“We start out for Sosee and glory,” he said. “The time will come when we will delight to recall the difficulties which now trouble us.”

They marched more around the Swamp than through it, keeping, however, near its borders. This was a longer route, but fraught with less danger and difficulty. At night they retired to the Swamp, lest they should be surprised by the Lali, and when they became hungry they scattered to collect food, of which there was great abundance. The earthquake shock and the floods had shaken the fruits and nuts from the trees, where they could now readily be gathered.

Oko, the greedy fellow mentioned, suggested that they collect stores for the whole campaign, and take them along, since they might not find fruits so abundant as they proceeded. “There is plenty in the Swamp,” replied Koree, who had recently passed that way. “The whole region between the Ammi and the Tali abounds with things to eat. Let us not, therefore, burden ourselves with what we may gather as we need it.”

THE GREEDY OKO.

Determined, therefore, to forage as they went, and so to live at the expense of beasts and reptiles, they proceeded on their march for several days almost uninterrupted. They moved slowly, planning the details of their campaign as they went.
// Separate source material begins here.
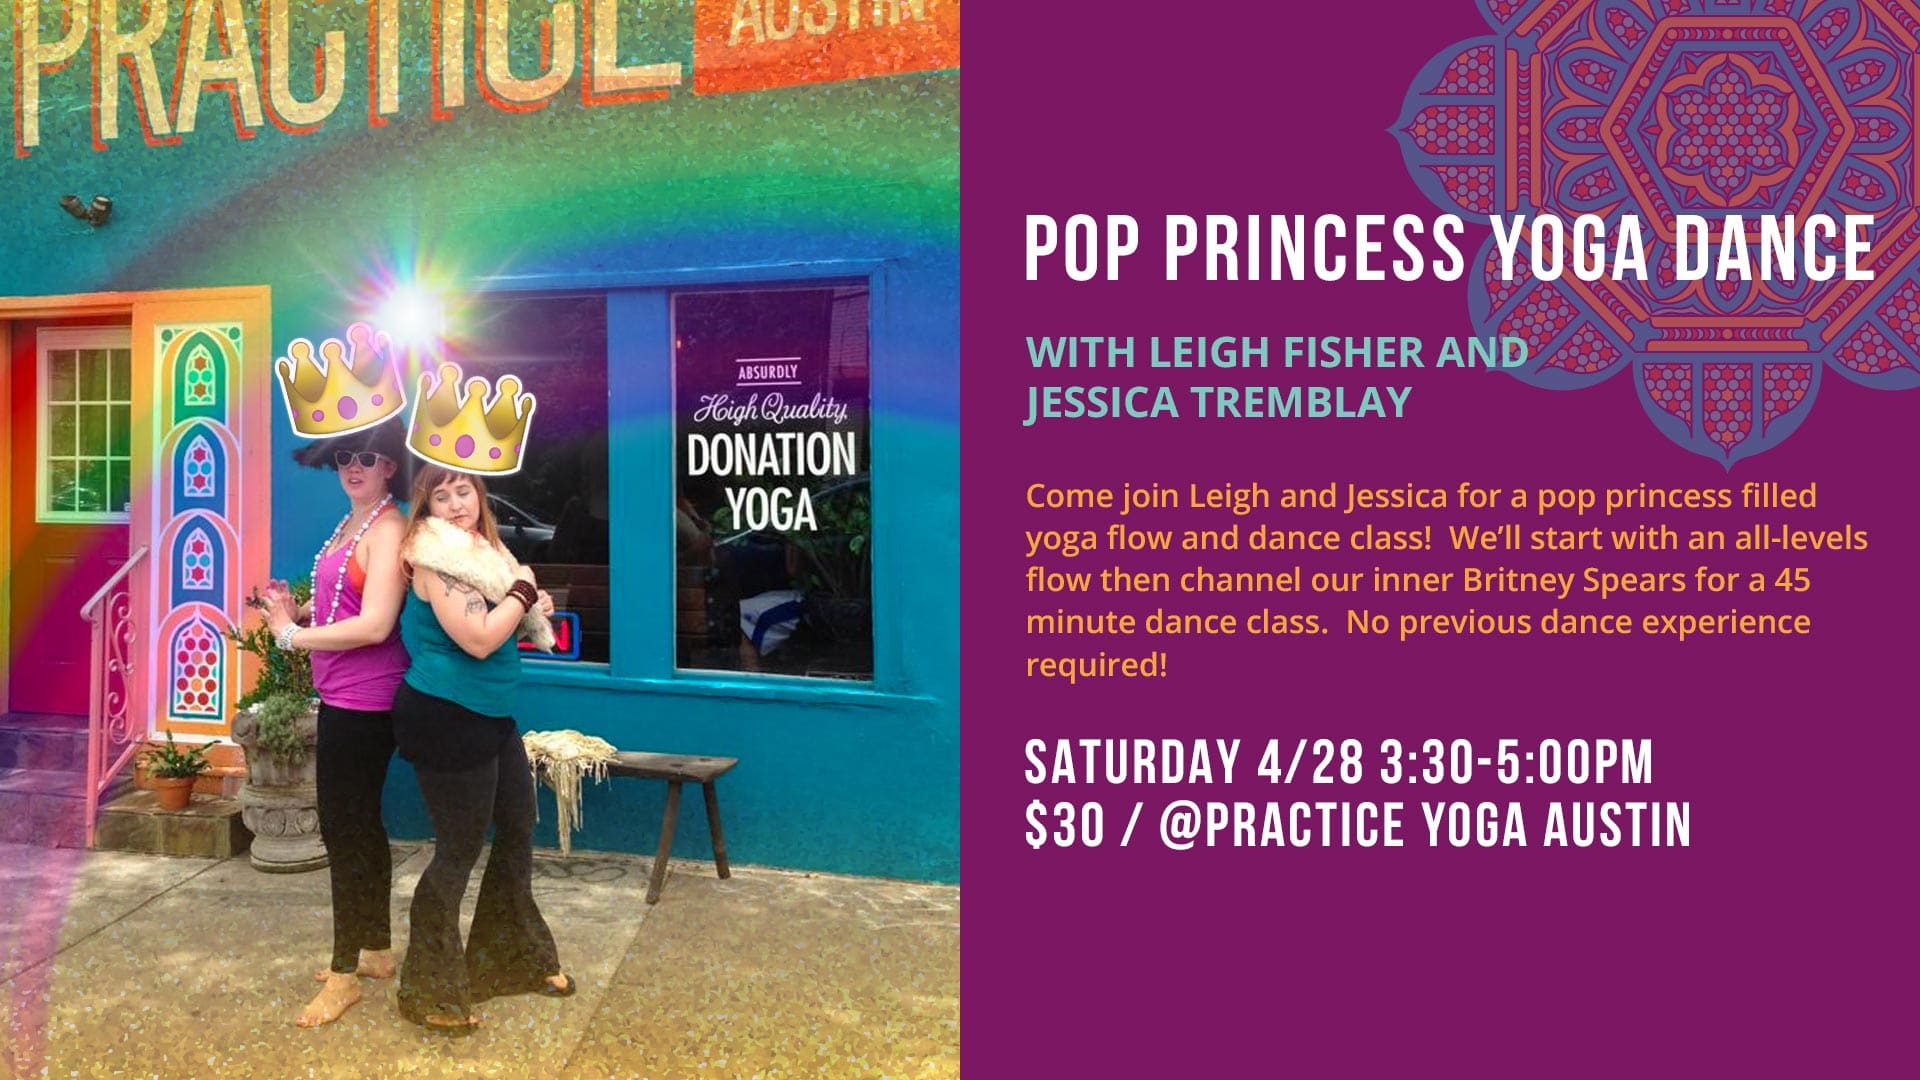 Pop Princess Yoga Dance with Leigh Fisher and Jessica Tremblay

Among those who took part in this expedition, and were prominent in the counsels and events that followed, were these:

First was Cocoanut Scooper, the great hunter of the hills, who, if not fierce in battle with wild beasts, was no less esteemed because of his services in procuring provisions. He had scoured all the country round about, and knew every tree and the quality of its fruit. He could at a distance distinguish a palm, a walnut, a fig and a cinnamon tree; from the appearance of a region he knew its value as a source of supplies; he was expert in finding thickets where rabbits and other game abounded, and he learned all the shoals of the Swamp where crabs and clams could be taken. This man had charge of the commissaries, and looked out for provisions for the expedition. During all their march his eye was on the foliage of the forest, rather than on the trail of the Apes, looking for something to eat rather than to fight.

Next was Fire-tamer, the bright-eyed hunter who took prisoner the red-winged beast that feeds on wood, and, having caught him in his lightning errand to earth, kept him a captive in the camp of the Ammi, feeding him on brush and bark, and confining him within an earthen mound. The all-devouring monster could not be satiated, but, after consuming all the wood they could carry him, died when they stopped feeding him.